Voz Hispana Cambio Comunitario

This Woodburn-based immigrant rights group hopes that withholding purchasing power will catch the attention of state and local elected officials. "They say, 'We love immigrants.' If I want love, I call my mother," political director Francisco Lopez tells WW. "They need to do their job. Their job is to protect and defend the residents of this state."

Portland Indivisible

In December, a group of obscure Democratic staffer types published an online "Indivisible Guide" intended to reverse-engineer the Tea Party's successful effort to conquer the Republican Party. A representative of the largest Portland Indivisible group says it supports the strike because it shows resistance to Trump, but the group is mostly focused on pressuring members of Congress.

National Lawyers Guild

These are the people in green hats to call when you get arrested at a protest. "We see our role as to support the movement," says J. Ashlee Albies, former and acting chairwoman of NLG's Portland chapter. "If people are on the streets and demonstrating, we try to keep them safe."


Organized Labor

The most notable exception to the strike: labor unions.

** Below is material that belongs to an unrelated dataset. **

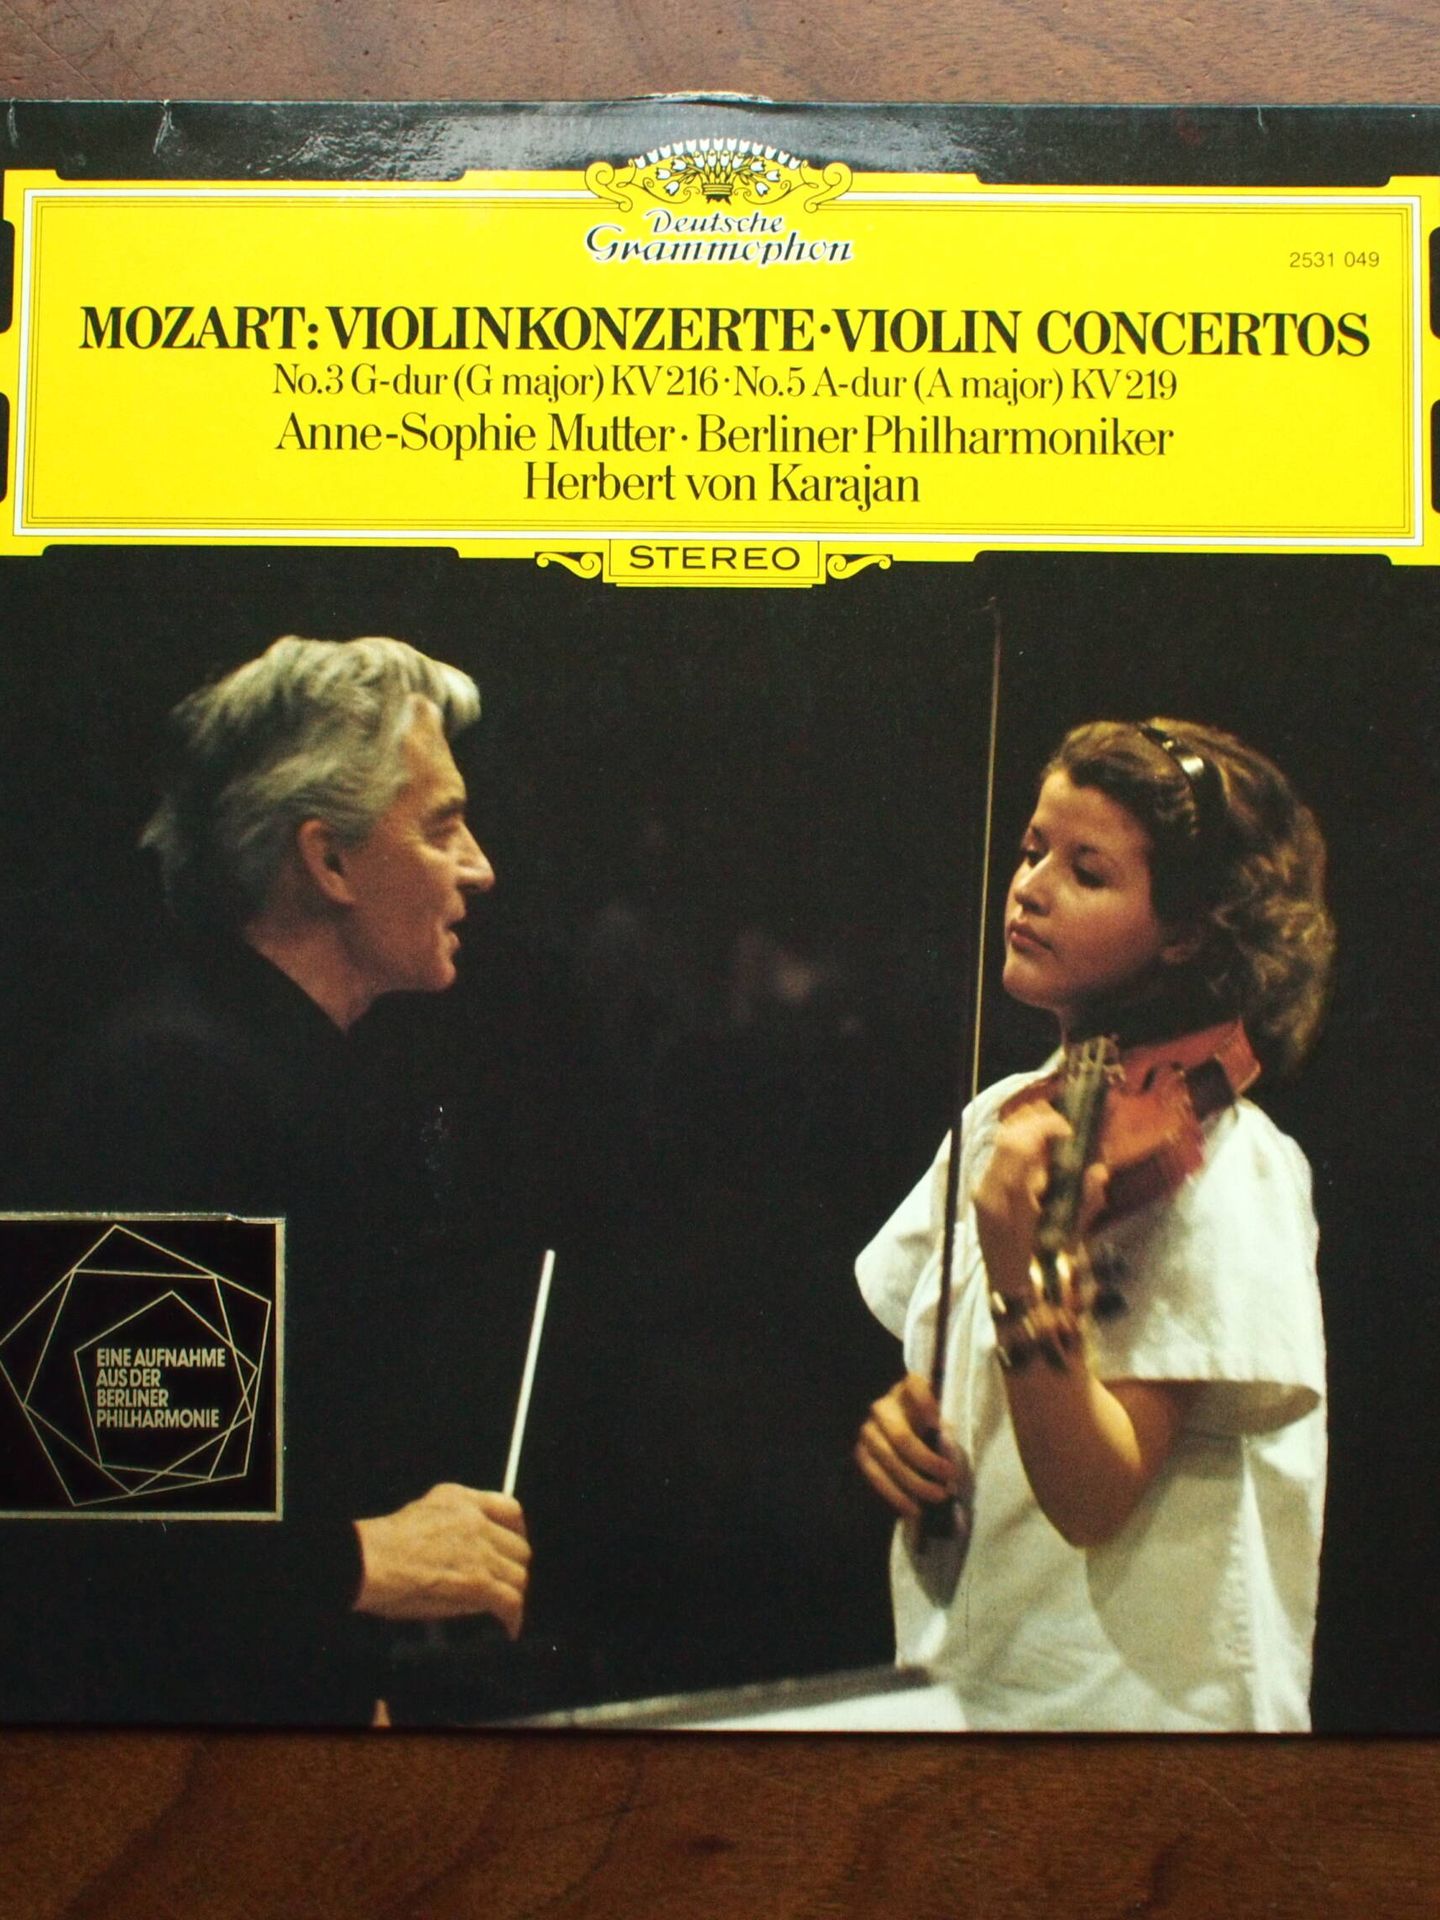 Anne-Sophie Mutter, en un concierto para violín cuando era niña. (Cedida)

"There's no official statement" on the Feb. 17 protests, Oregon AFL-CIO spokesman Russell Sanders says. Participating in a strike would almost certainly violate various collective bargaining agreements, which would allow employers to sue unions for damages—and win. This is why you may see union members supporting the Feb. 17 actions, but you won't see any official union endorsement. At a packed Feb. 12 meeting of the Portland chapter of the Democratic Socialists of America, hosted at the Service Employees International Union Local 503 hall on Southeast Foster Road, skepticism also reigned regarding Friday's so-called strike.

The divide speaks to old tensions between labor and activist groups. "We're all learning as we go. Maybe the word 'strike' wasn't the best," Don't Shoot Portland activist Gregory McKelvey tells WW. "But maybe because of President Trump, strikes look different now. Everything else looks different now. We all have a shared goal in resisting President Trump."